As an initial matter, Plaintiff has sued the Hillsborough County Sheriff’s Office. The Hillsborough County Sheriff’s Office is not a legal entity subject to suit under Florida law. See Dorey v. Hartmann, 2023 WL 6518961, at *2 (M.D. Fla. Oct. 5, 2023) (citing Wilk v. St. Lucie Cty. Fla. Sheriff Off., 740 F. App’x 658, 662 (11th Cir. 2018)). The Hillsborough County Sheriff’s Office is therefore not a proper party. The proper party to sue for the wrongs of deputy sheriffs is the Sheriff, in his official capacity. The Court would normally grant leave to amend for Plaintiff to correct to sue the proper parties. However, amendment would be futile because his

claims wholly lack legal merit, for the reasons discussed below. § 1983 Claims (Counts 1, 2, 8, 10, 11)

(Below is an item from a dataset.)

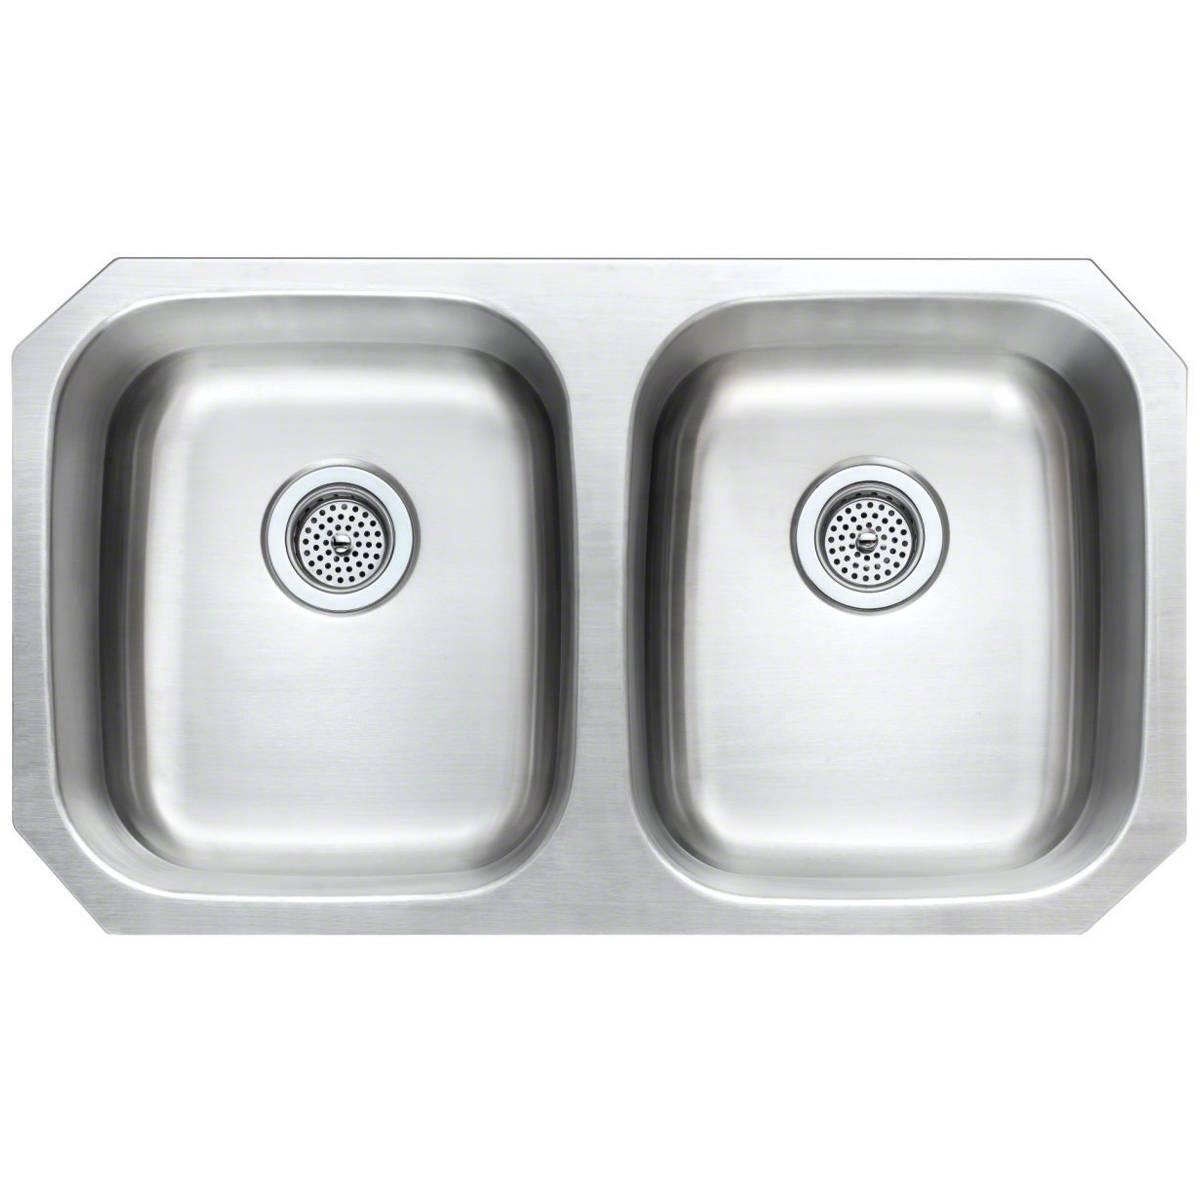 Sinks -ss-18-gau-double-bowl-50-50-3118-SIN-18-DBLBWL-5050-3118

In Counts 1, 2, 8, 10, and 11, Plaintiff asserts various claims for alleged violations of rights under § 1983. Under Heck v. Humphrey, 512 U.S. 477, 486-87 (1994), a plaintiff cannot bring a § 1983 claim after being convicted of a criminal offense that arises from the same acts that underlie the civil suit. This principle was reaffirmed by the Eleventh Circuit in Abella v. Rubina, 63 F.3d 1063, 1065 (11th Cir. 1995). The purpose of the Heck doctrine is to avoid undermining the finality or validity of criminal convictions. See Heck, 512 U.S. at 487.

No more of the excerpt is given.